Work to be completed => Would you transcribe the whole listing exactly, minus its pictures?

Data shown =>
——

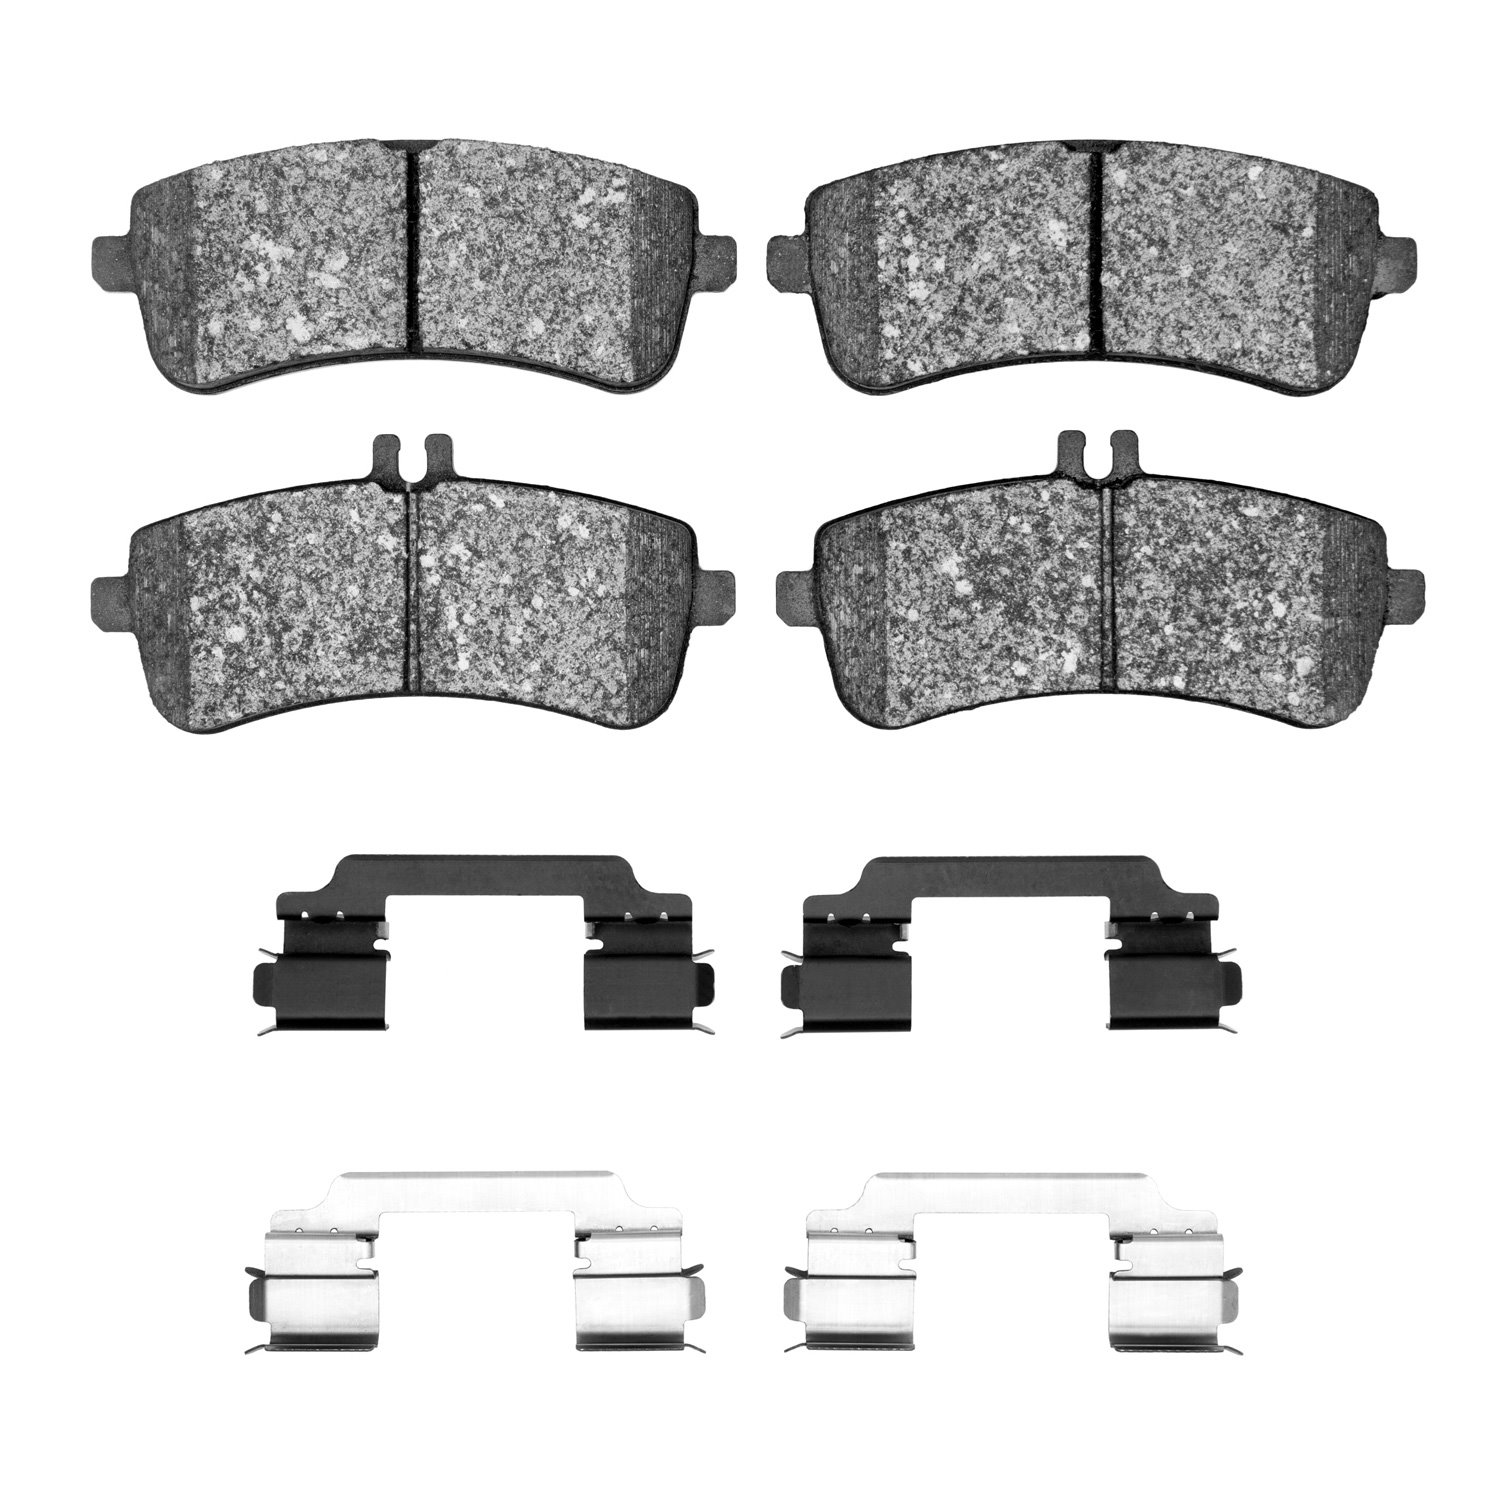 1311-1681-01 3000-Series Semi-Metallic Brake Pads & Hardware Kit, 2013-2021 Mercedes-Benz, Position: Rear
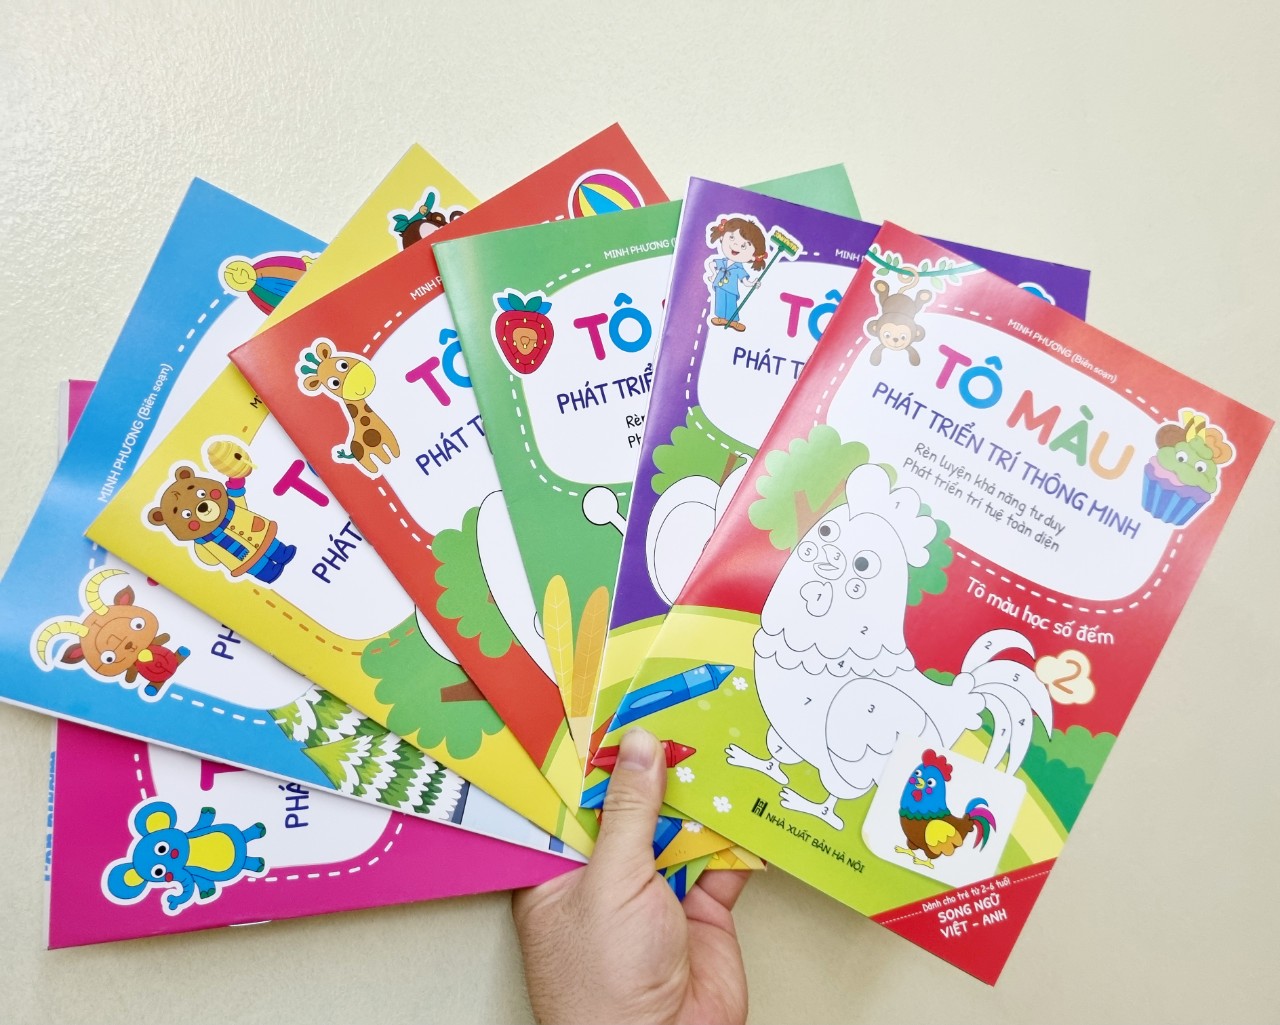 Tô màu phát triển trí thông minh - Tô màu song ngữ Anh - Việt (Túi 8 cuốn, dành cho trẻ 2 - 6 tuổi)
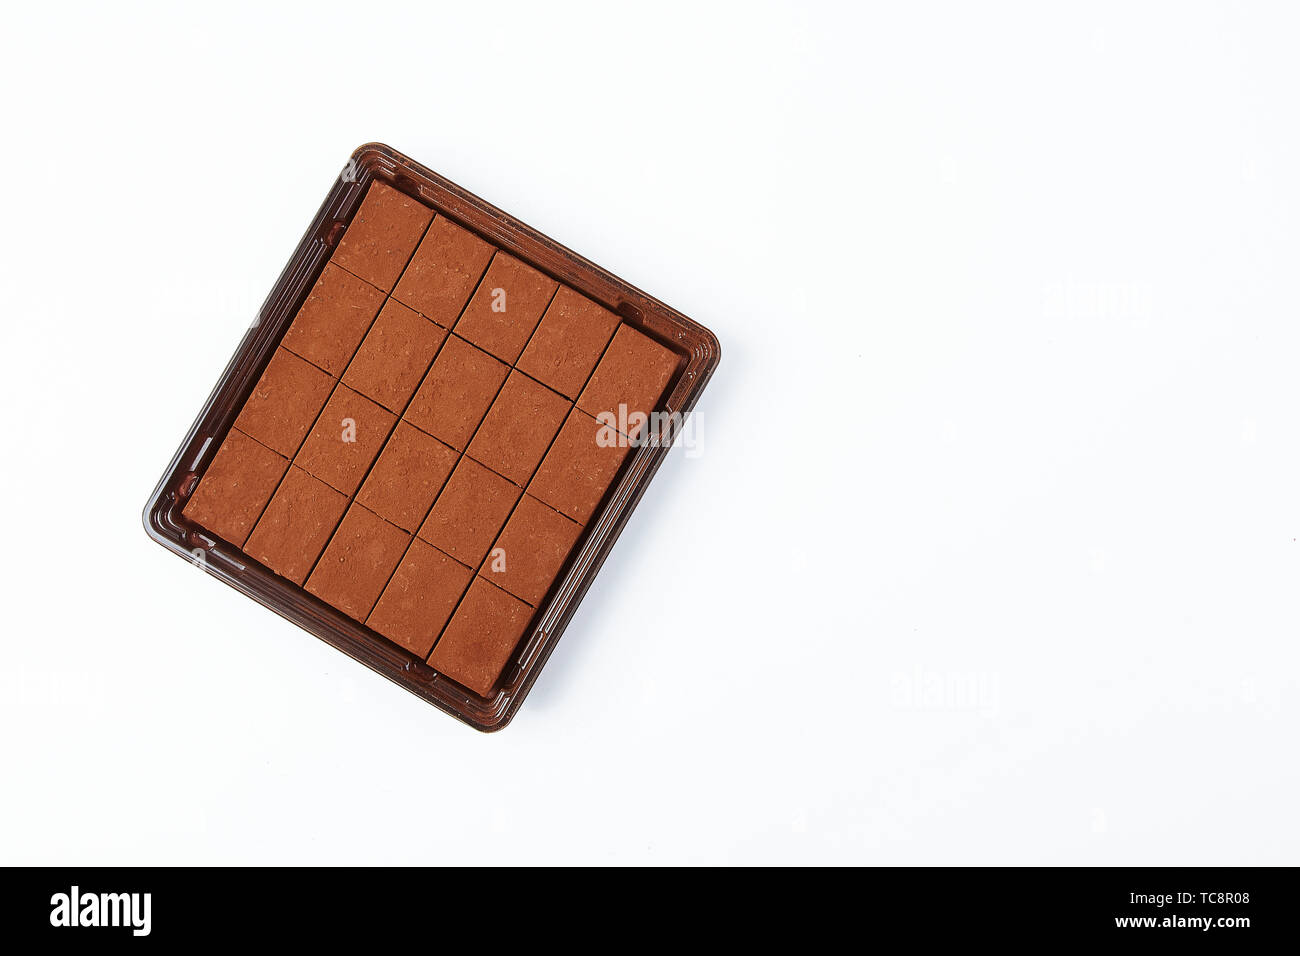 Un bon arrangement des chocolats. Banque D'Images
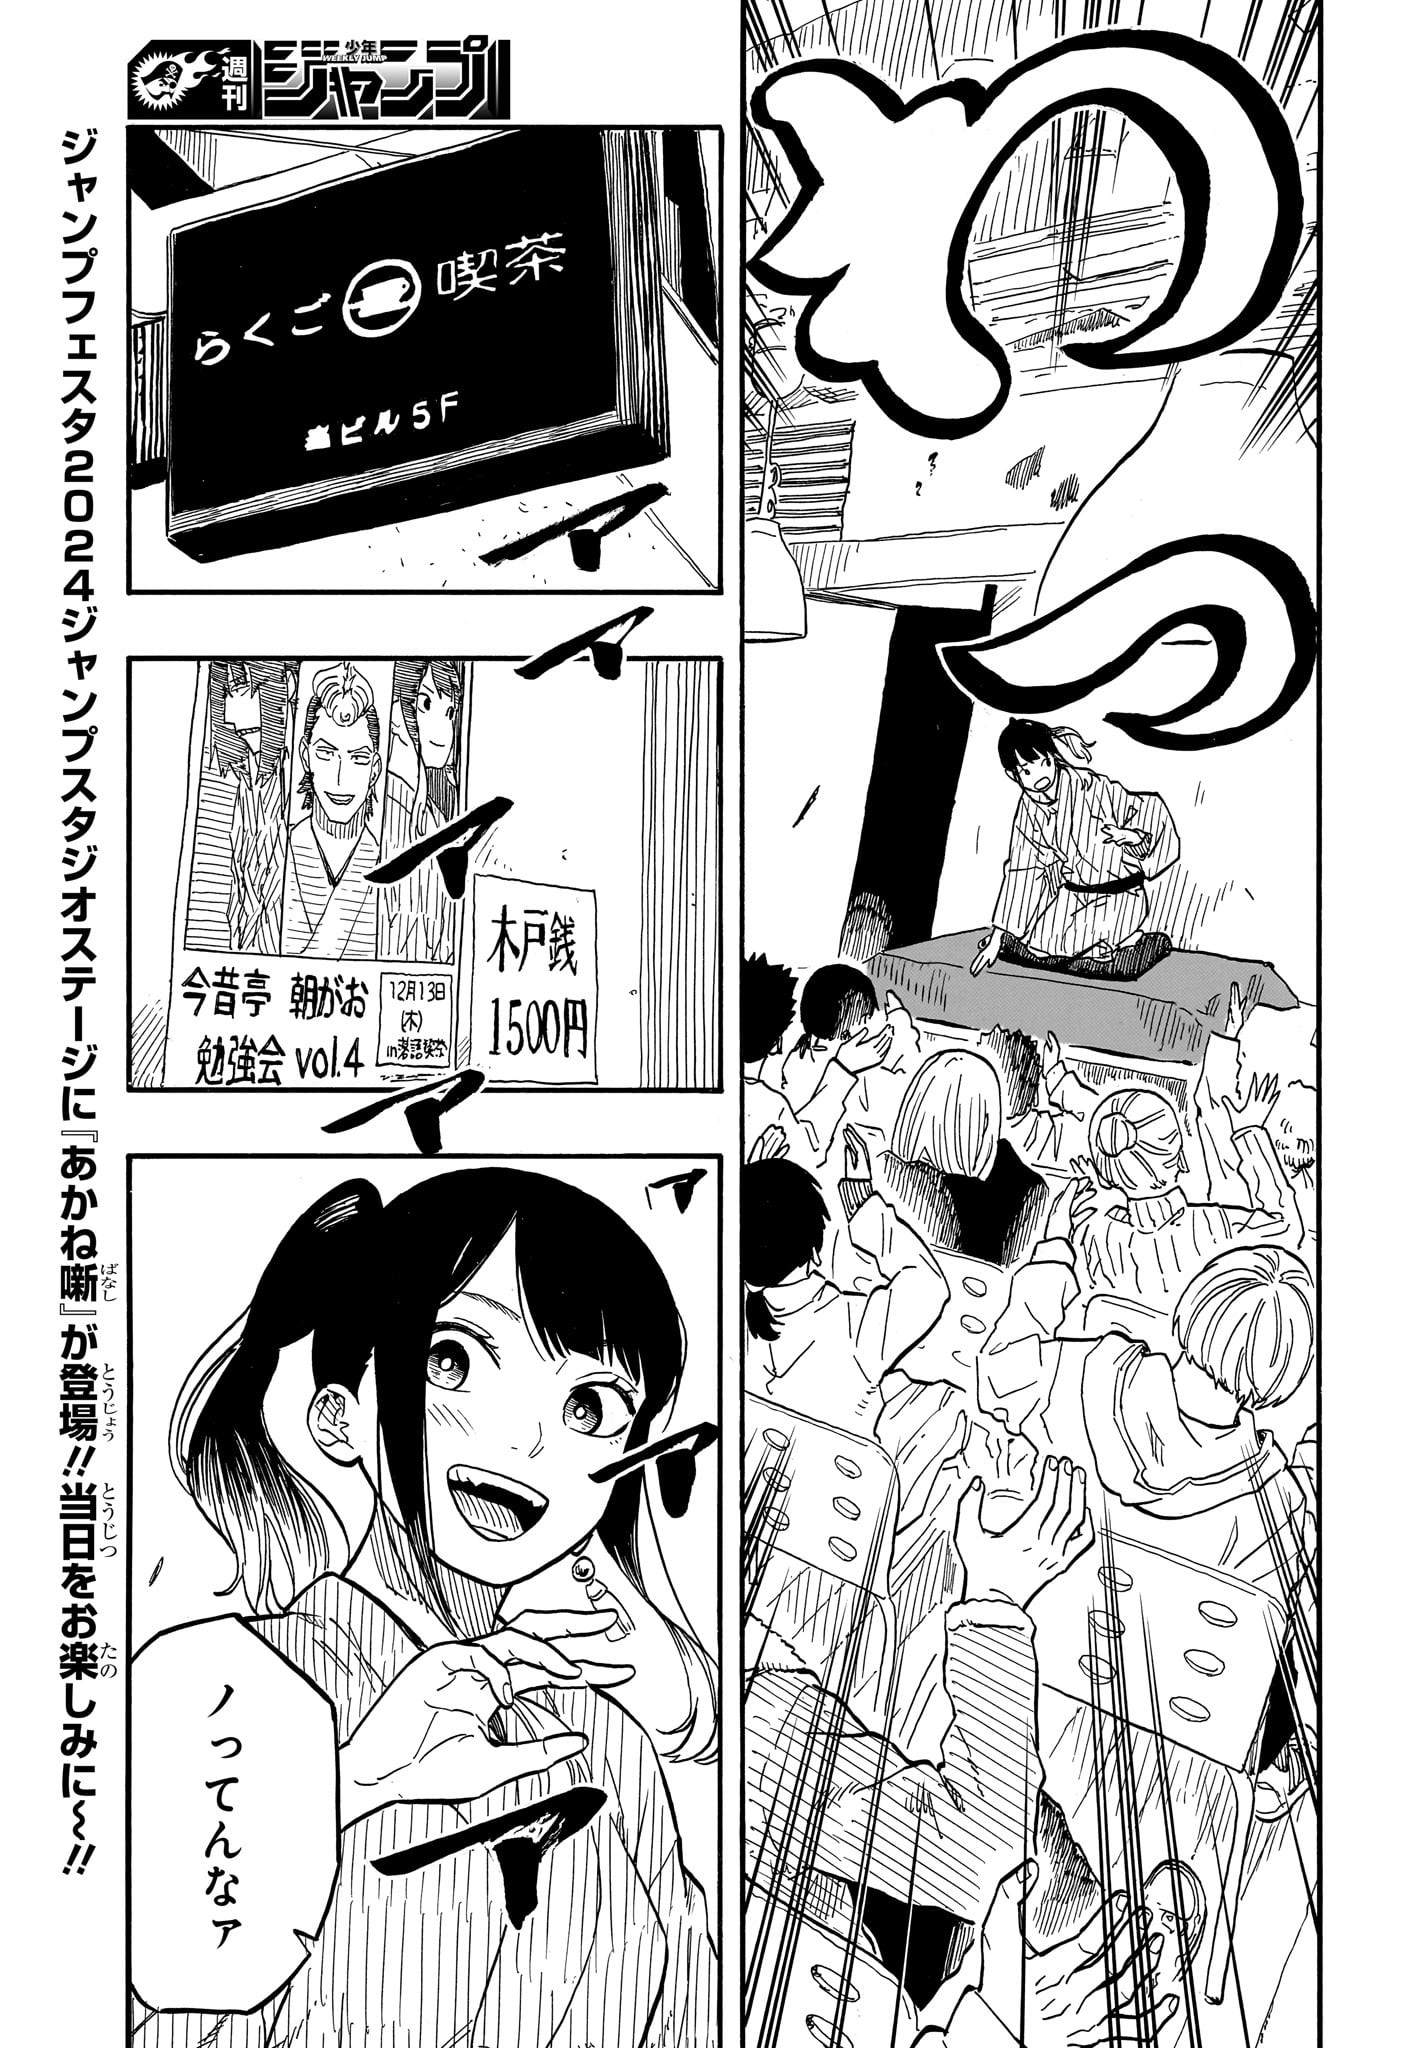 Akane-Banashi - Chapter 90 - Page 3

——

Solved problem =>
 1311-1681-01 3000-Series Semi-Metallic Brake Pads & Hardware Kit, 2013-2021 Mercedes-Benz, Position: Rear
 Tô màu phát triển trí thông minh - Tô màu song ngữ Anh - Việt (Túi 8 cuốn, dành cho trẻ 2 - 6 tuổi)
 Un bon arrangement des chocolats. Banque D'Images
 Akane-Banashi - Chapter 90 - Page 3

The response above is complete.